## EXERCISE DETAILS:
Exact reproduction of the listing is required. Pictures are not reproduced.

*** Opening of COLLECTED MATERIAL ***

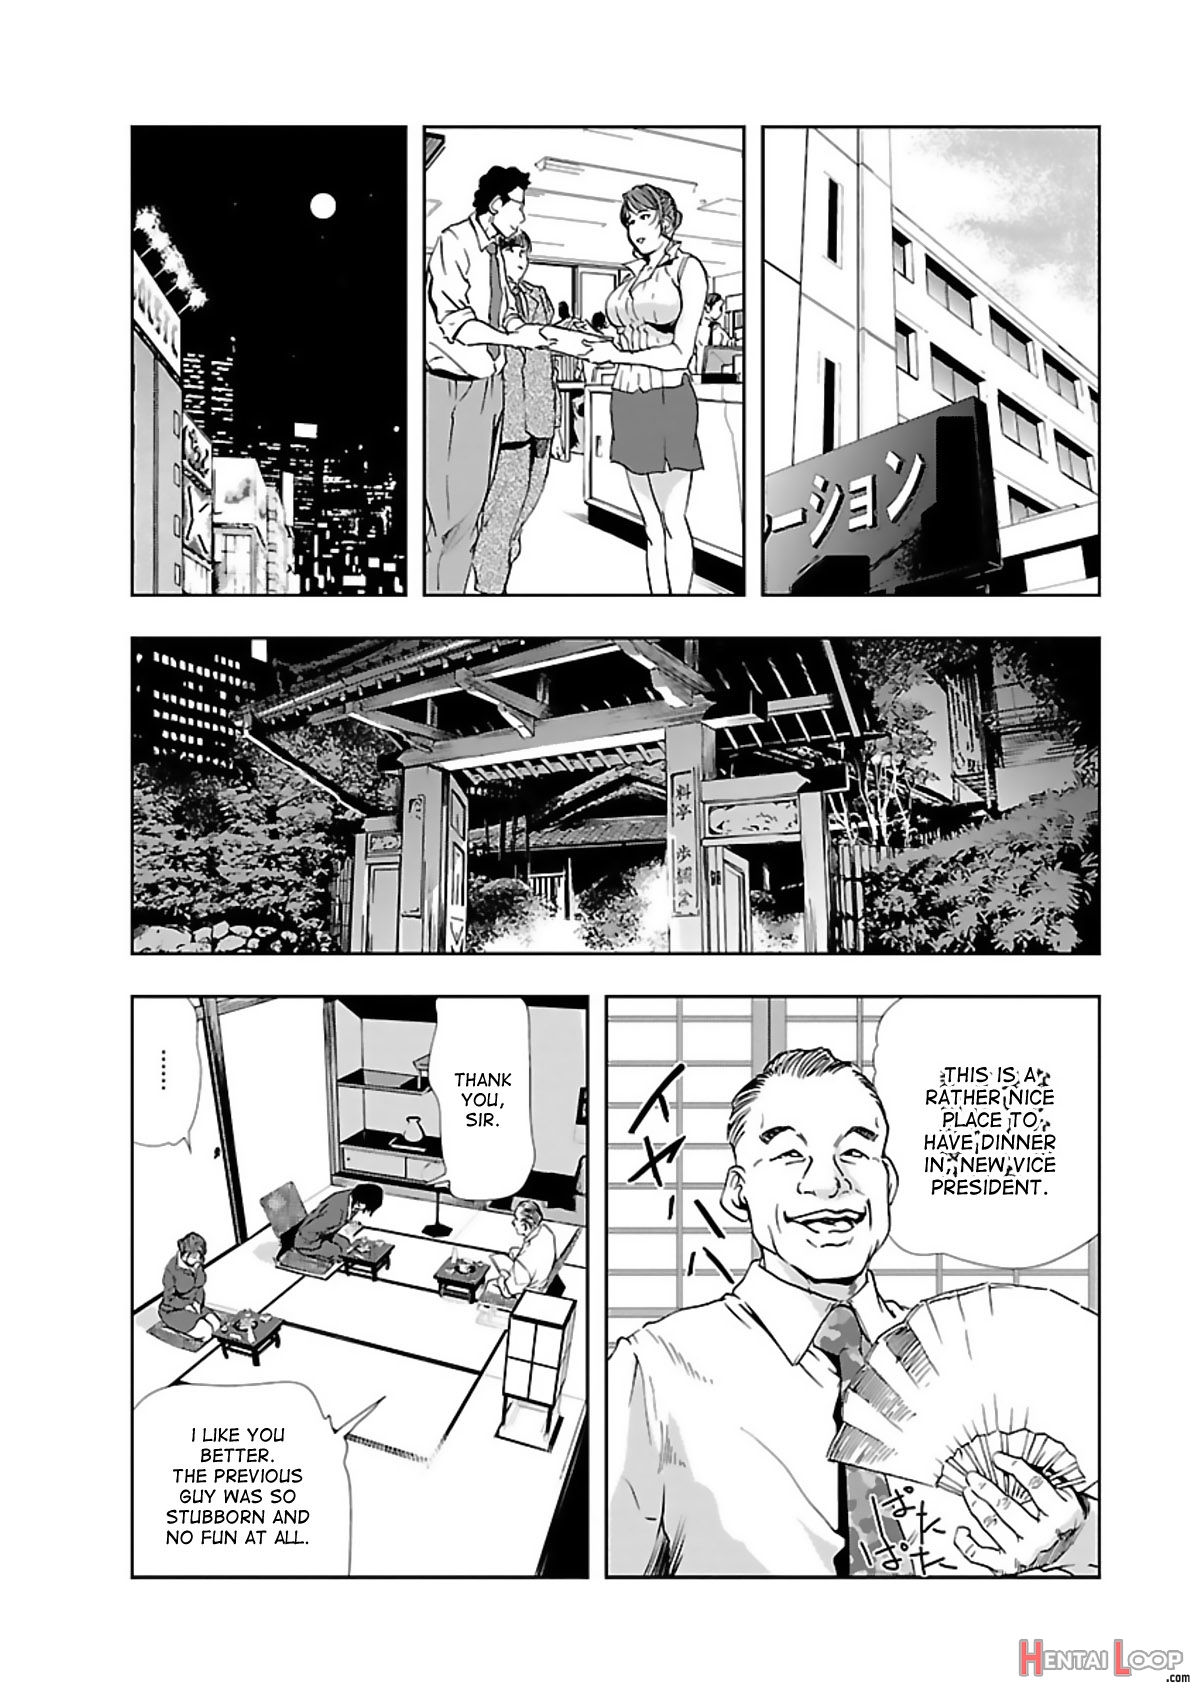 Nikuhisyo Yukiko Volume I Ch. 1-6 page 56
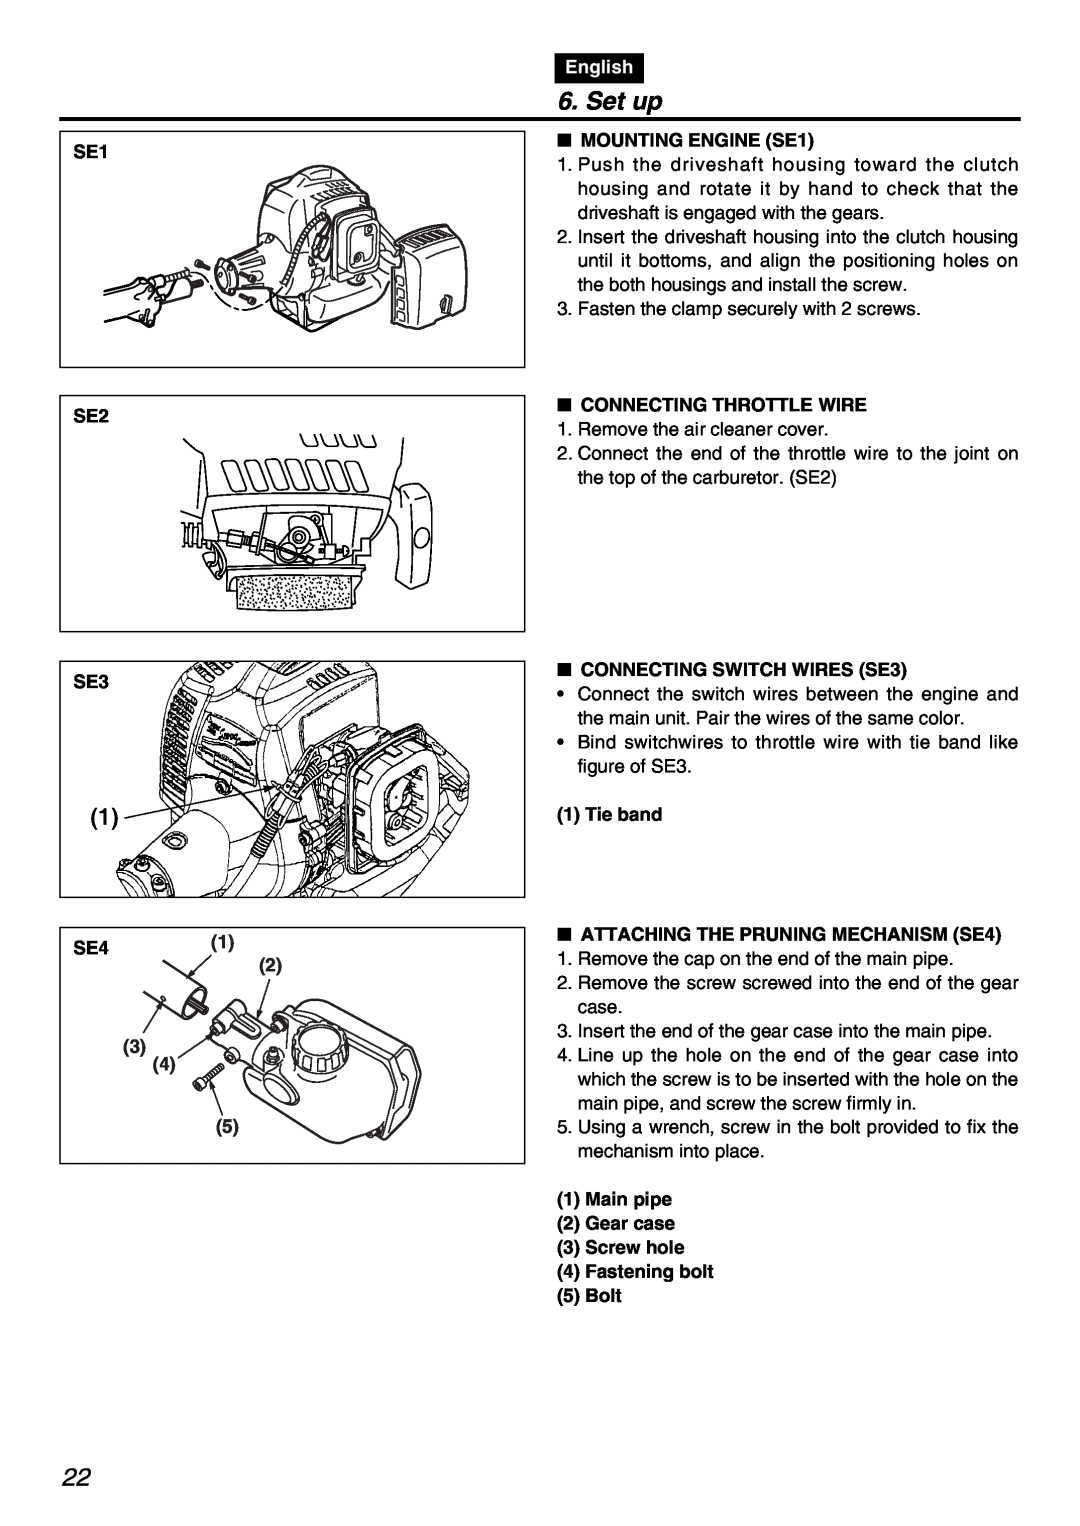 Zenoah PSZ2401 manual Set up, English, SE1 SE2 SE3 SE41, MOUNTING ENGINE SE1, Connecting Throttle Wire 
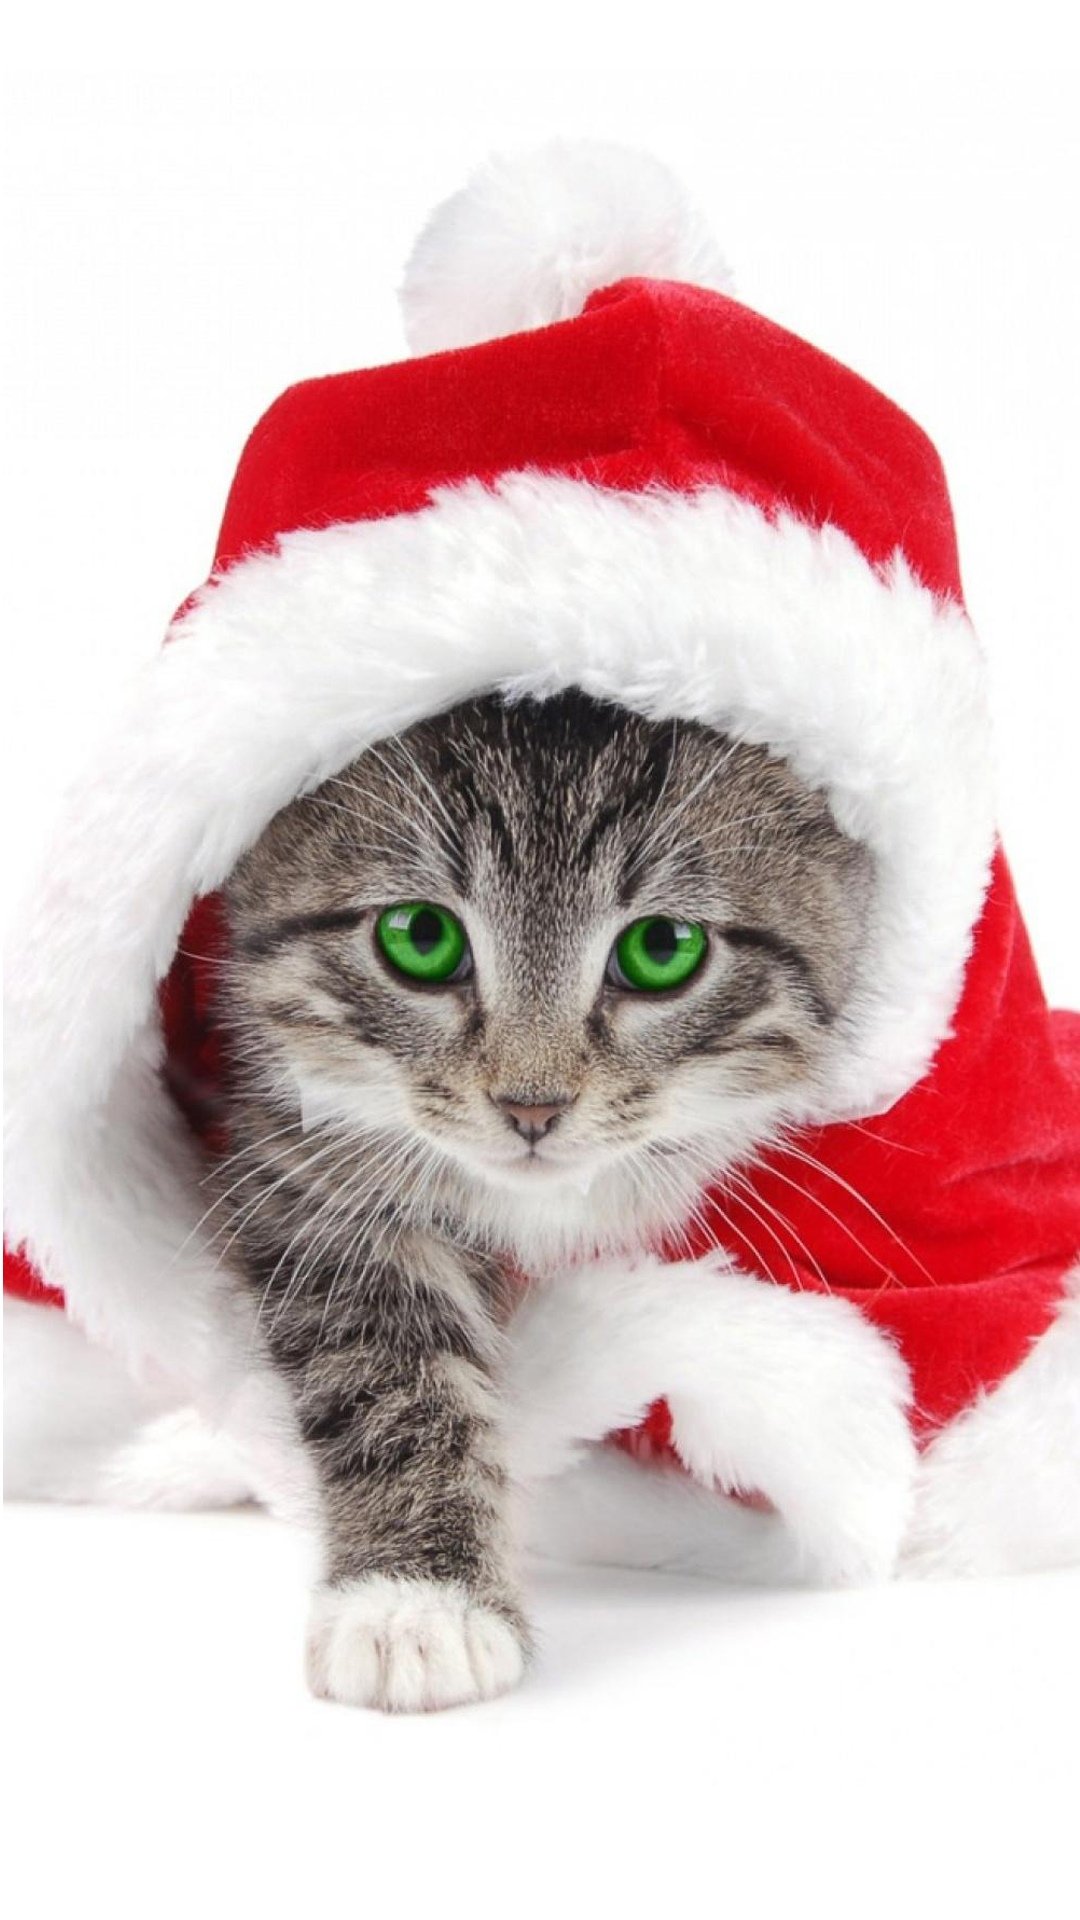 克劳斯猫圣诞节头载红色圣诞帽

*** Close of COLLECTED MATERIAL ***

## SOLUTION TO THIS PROBLEM:
 Nikuhisyo Yukiko Volume I Ch. 1-6 page 56
 Zenoah PSZ2401 manual Set up, English, SE1 SE2 SE3 SE41, MOUNTING ENGINE SE1, Connecting Throttle Wire 
 克劳斯猫圣诞节头载红色圣诞帽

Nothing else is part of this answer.